**WORK ORDER**
In the listing below, find the line with "Free Crochet Blanket Pattern" and copy every line from there up to and including the line with "Glühende Lava aus", exactly and without pictures.

**EXERCISE DATA**
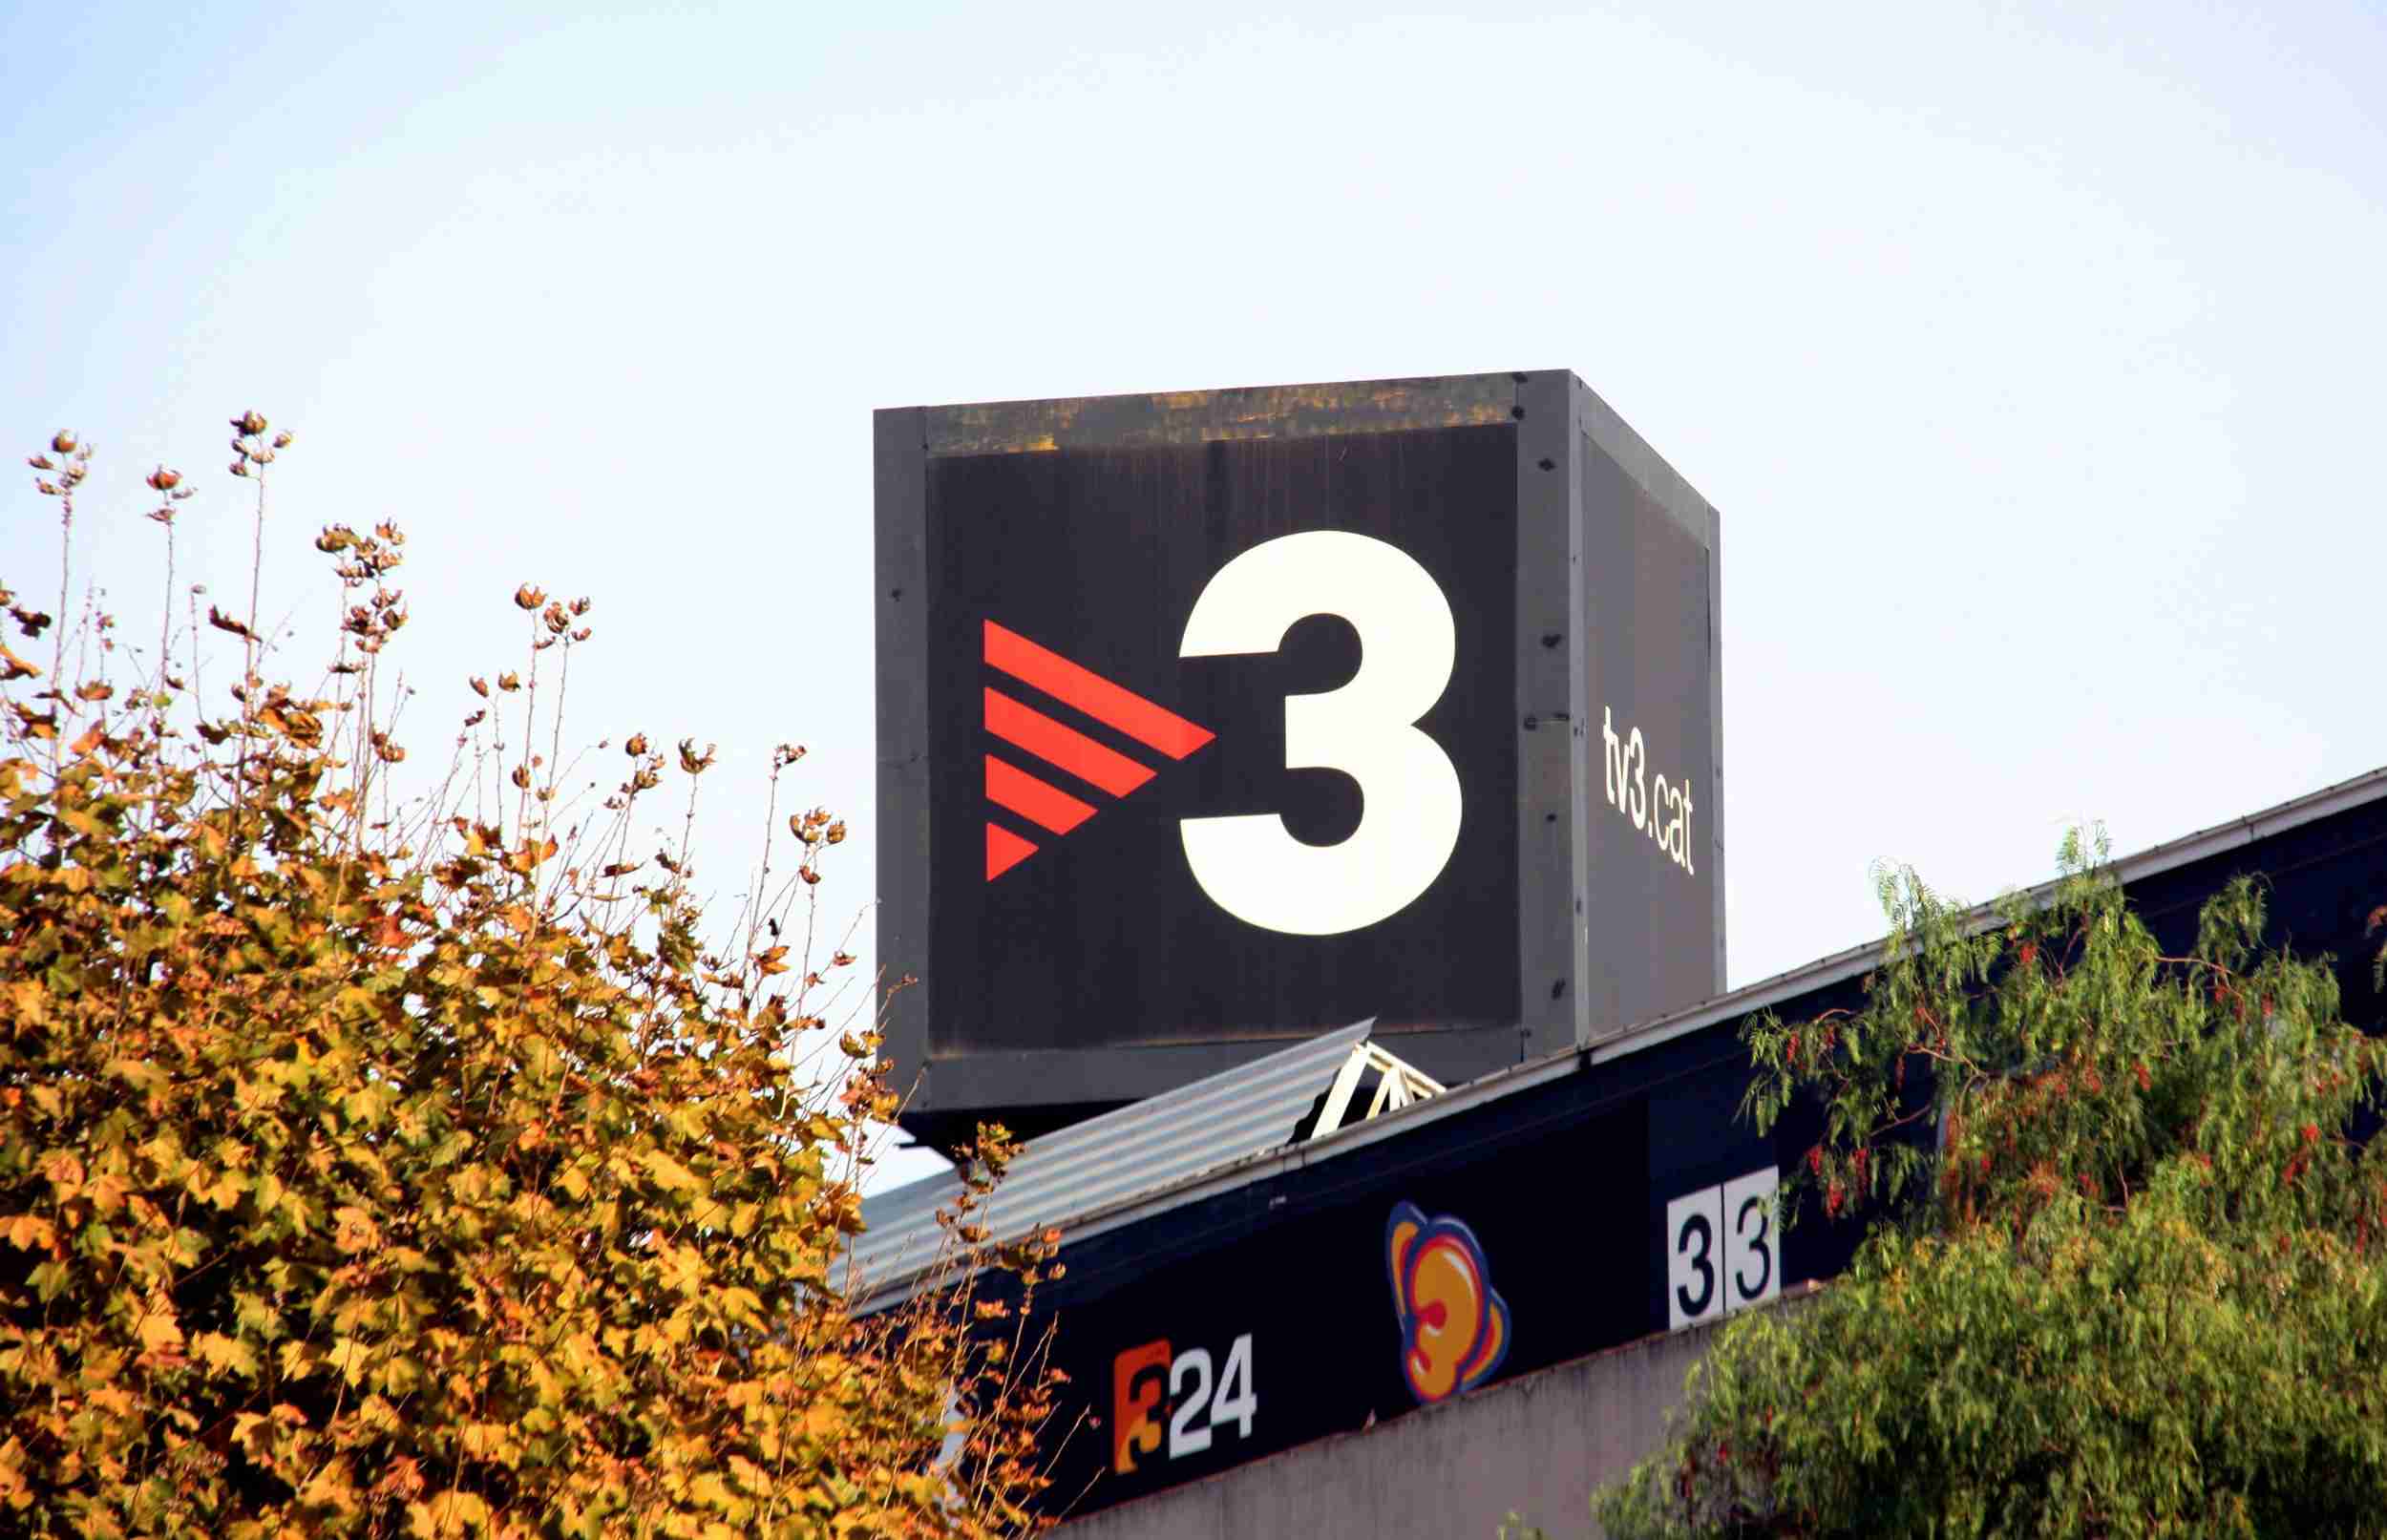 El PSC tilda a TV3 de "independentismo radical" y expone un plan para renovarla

...

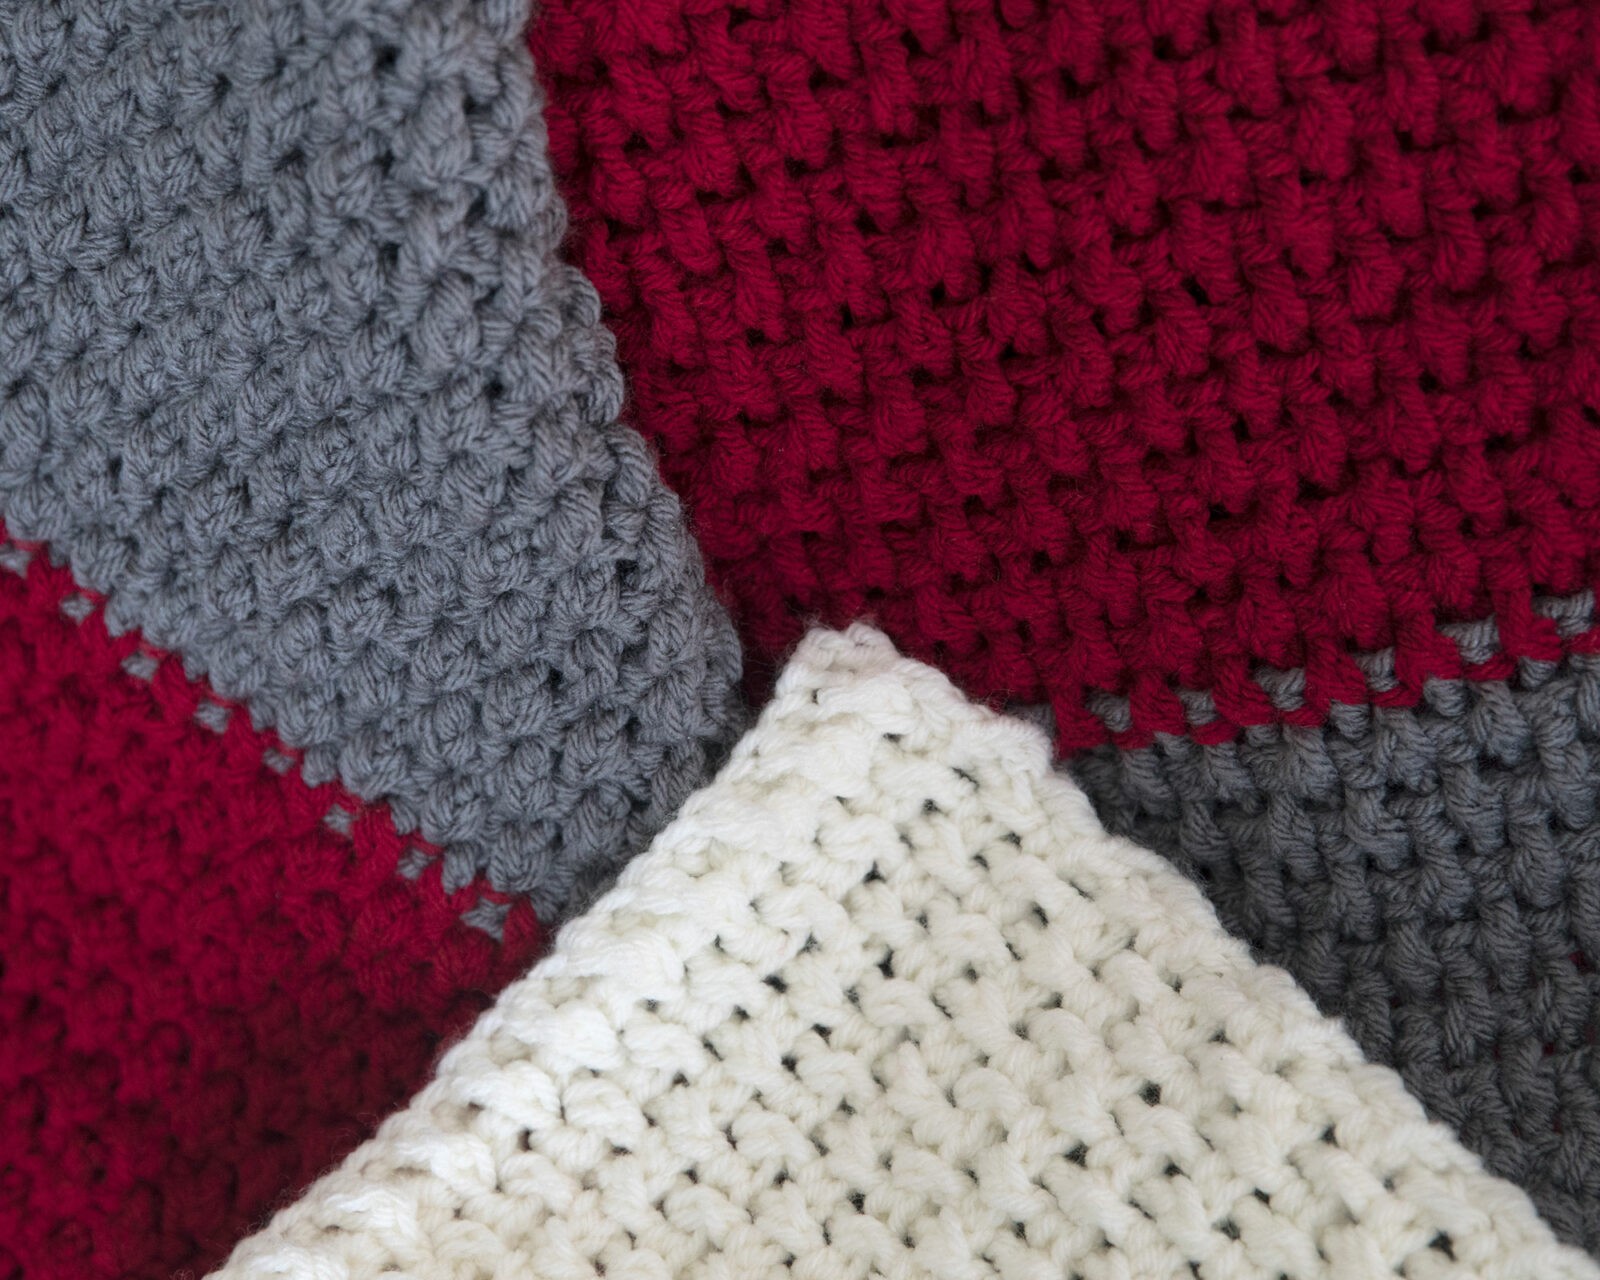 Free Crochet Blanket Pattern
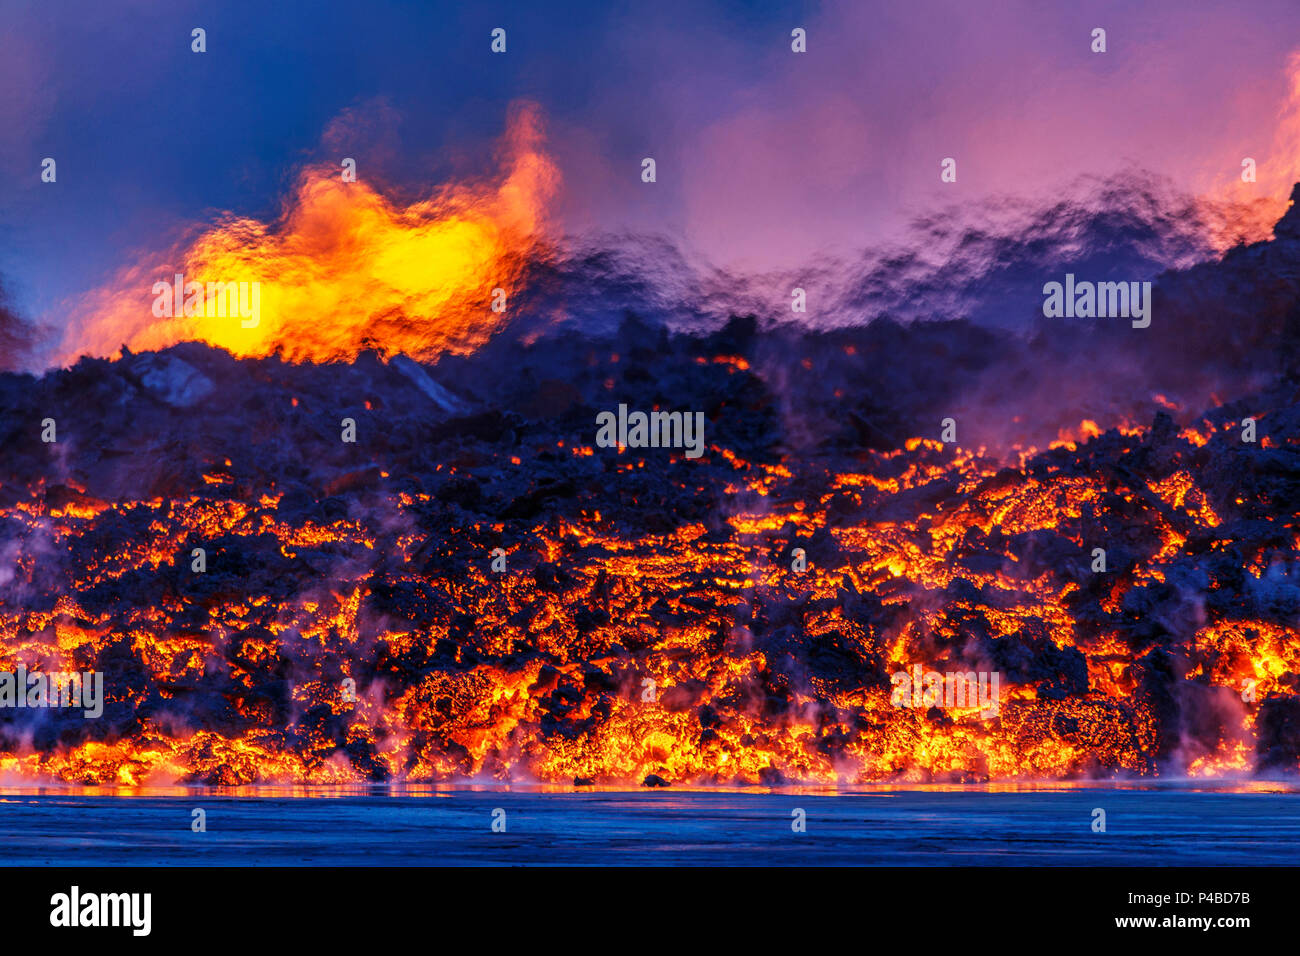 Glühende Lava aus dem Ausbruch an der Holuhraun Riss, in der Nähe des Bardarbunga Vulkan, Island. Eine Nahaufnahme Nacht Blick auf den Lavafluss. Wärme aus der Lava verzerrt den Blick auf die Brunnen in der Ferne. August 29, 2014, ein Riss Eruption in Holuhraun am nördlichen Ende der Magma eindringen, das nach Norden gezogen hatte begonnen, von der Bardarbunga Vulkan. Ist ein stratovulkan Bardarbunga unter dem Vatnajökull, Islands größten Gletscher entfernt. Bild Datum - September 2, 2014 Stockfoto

---

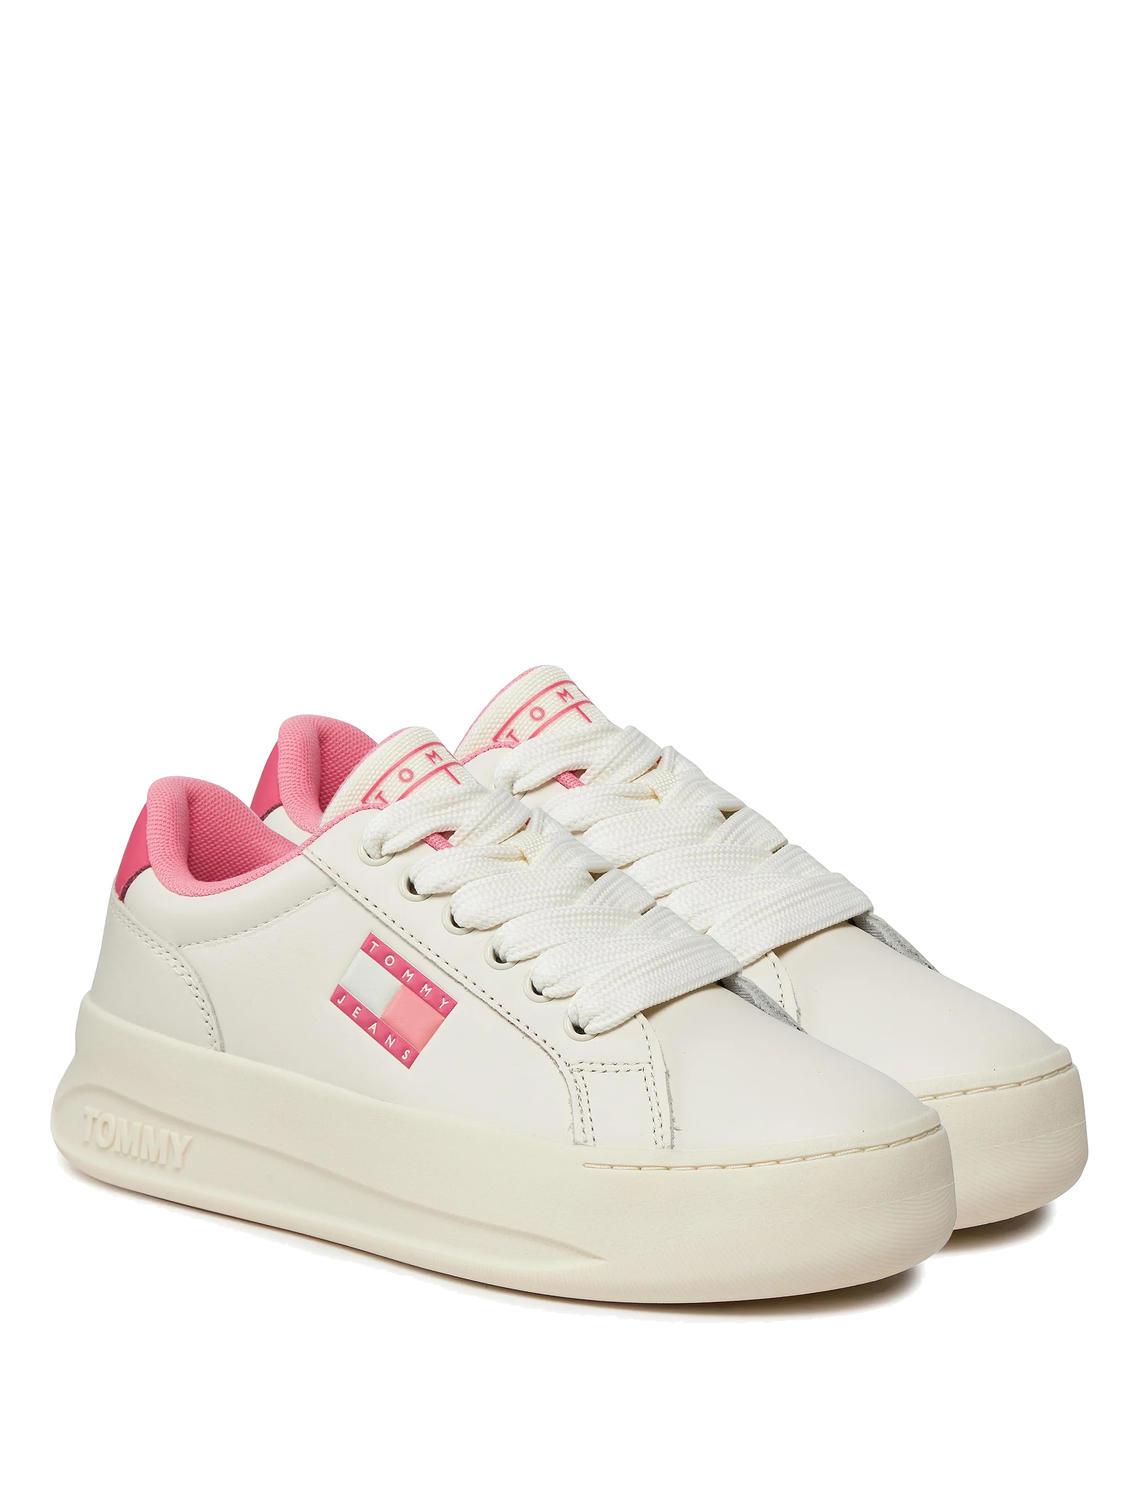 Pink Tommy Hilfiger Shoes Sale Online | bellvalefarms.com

**FINISHED EXERCISE**
 Free Crochet Blanket Pattern
 Glühende Lava aus dem Ausbruch an der Holuhraun Riss, in der Nähe des Bardarbunga Vulkan, Island. Eine Nahaufnahme Nacht Blick auf den Lavafluss. Wärme aus der Lava verzerrt den Blick auf die Brunnen in der Ferne. August 29, 2014, ein Riss Eruption in Holuhraun am nördlichen Ende der Magma eindringen, das nach Norden gezogen hatte begonnen, von der Bardarbunga Vulkan. Ist ein stratovulkan Bardarbunga unter dem Vatnajökull, Islands größten Gletscher entfernt. Bild Datum - September 2, 2014 Stockfoto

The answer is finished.